SPECIFIC DUTIES & RESPONSIBILITIES
- The successful candidates will participate in ground-breaking research projects that need advanced software solutions requiring expertise in software engineering not commonly found in scientific collaborations.
- The projects will require development of state-of-the-art clinical NLP solutions using the latest deep learning libraries trained on state-of-the-art hardware in secure healthcare computing environments.
- Projects will involve analysis of massive data sets either in the cloud or on premises.
- Projects will require development of novel NLP software pipelines for processing of unstructured clinical notes.

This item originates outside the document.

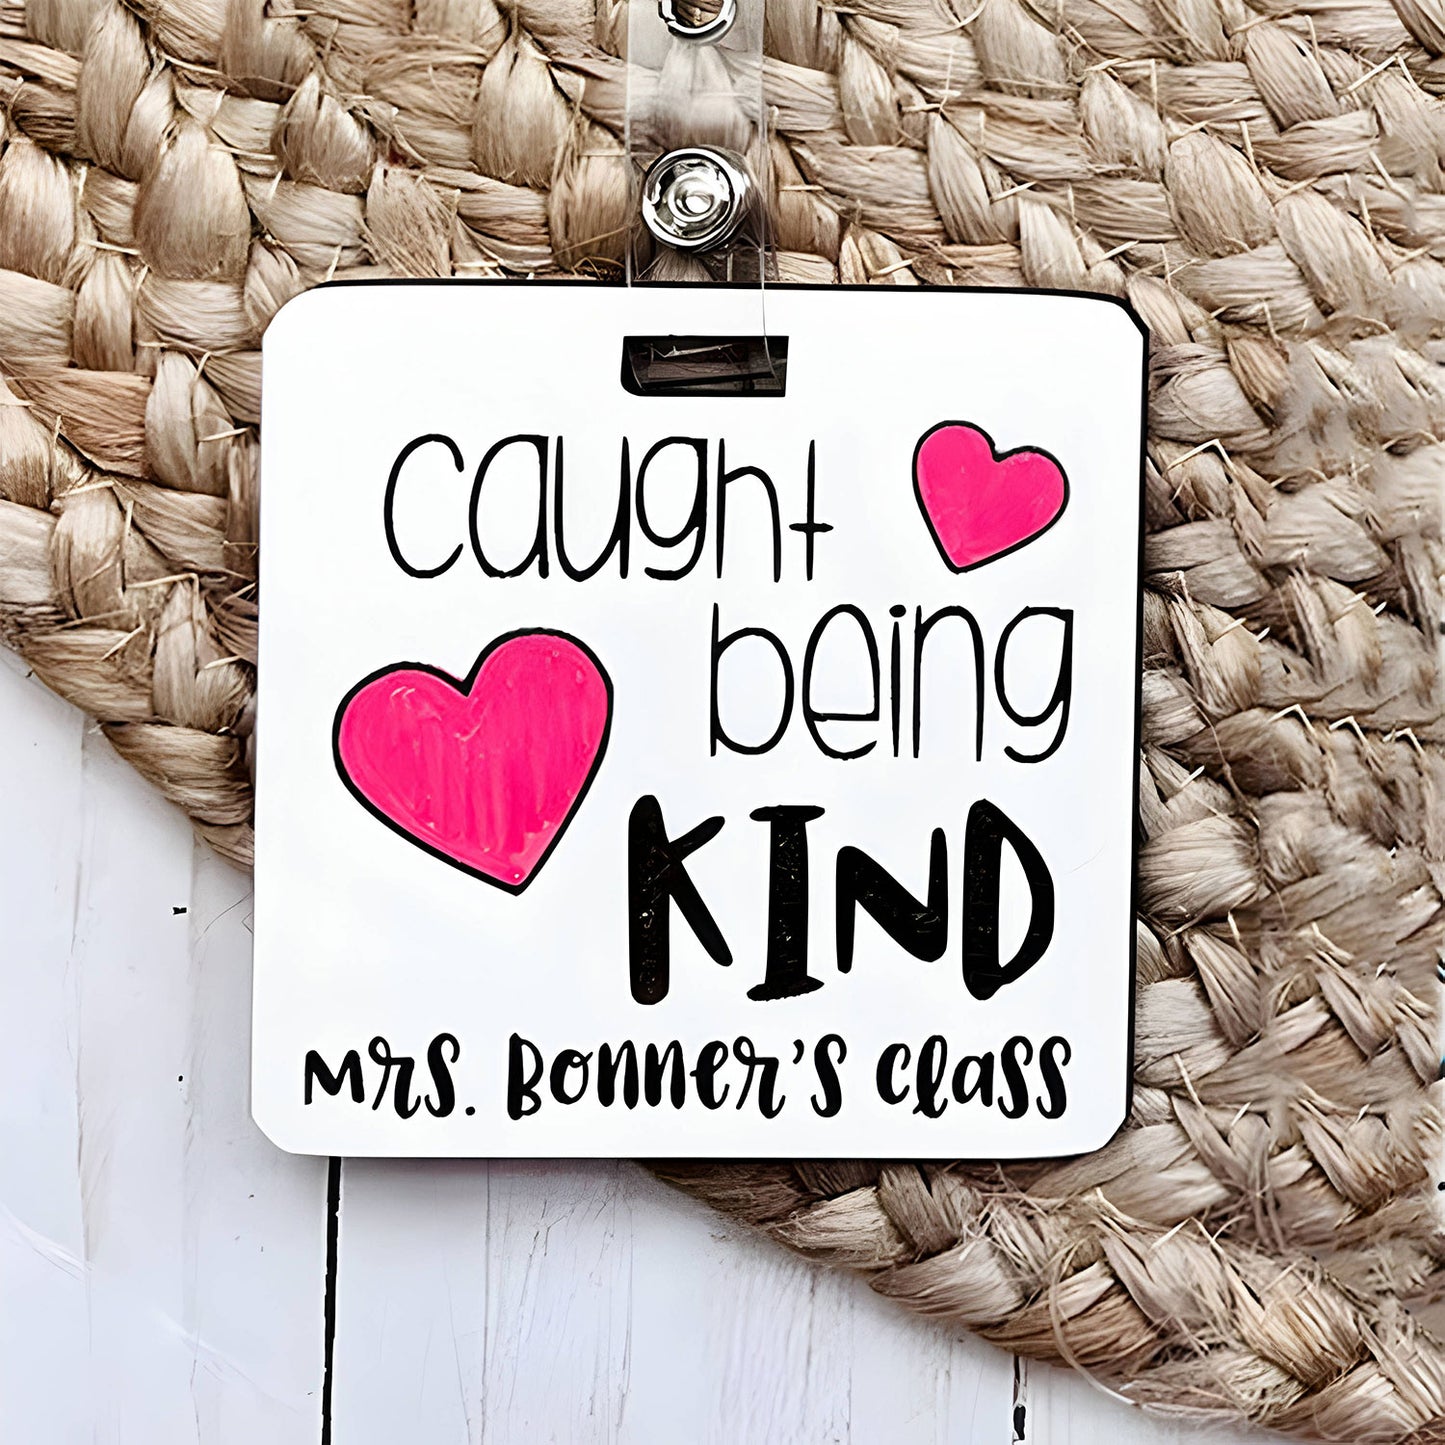 Personalized School Hall Pass - "Caught Being Kind"

- Some projects may require deep engagement, possibly leading to co-authorship on scientific publications, while others may involve a more casual consulting engagement.
- They may require software solutions developed from scratch or refactoring existing solutions to make them conform to industry standards (quality, efficiency, reusability, robustness, portability, documentation, etc.).
- It is a high-level goal of DSAI to translate the efforts for the individual projects into frameworks and template patterns for sustainable scientific infrastructure benefiting future projects.
SPECIAL KNOWLEDGE, SKILLS, AND ABILITIES
- Strong NLP, LLM, machine learning and deep learning skills.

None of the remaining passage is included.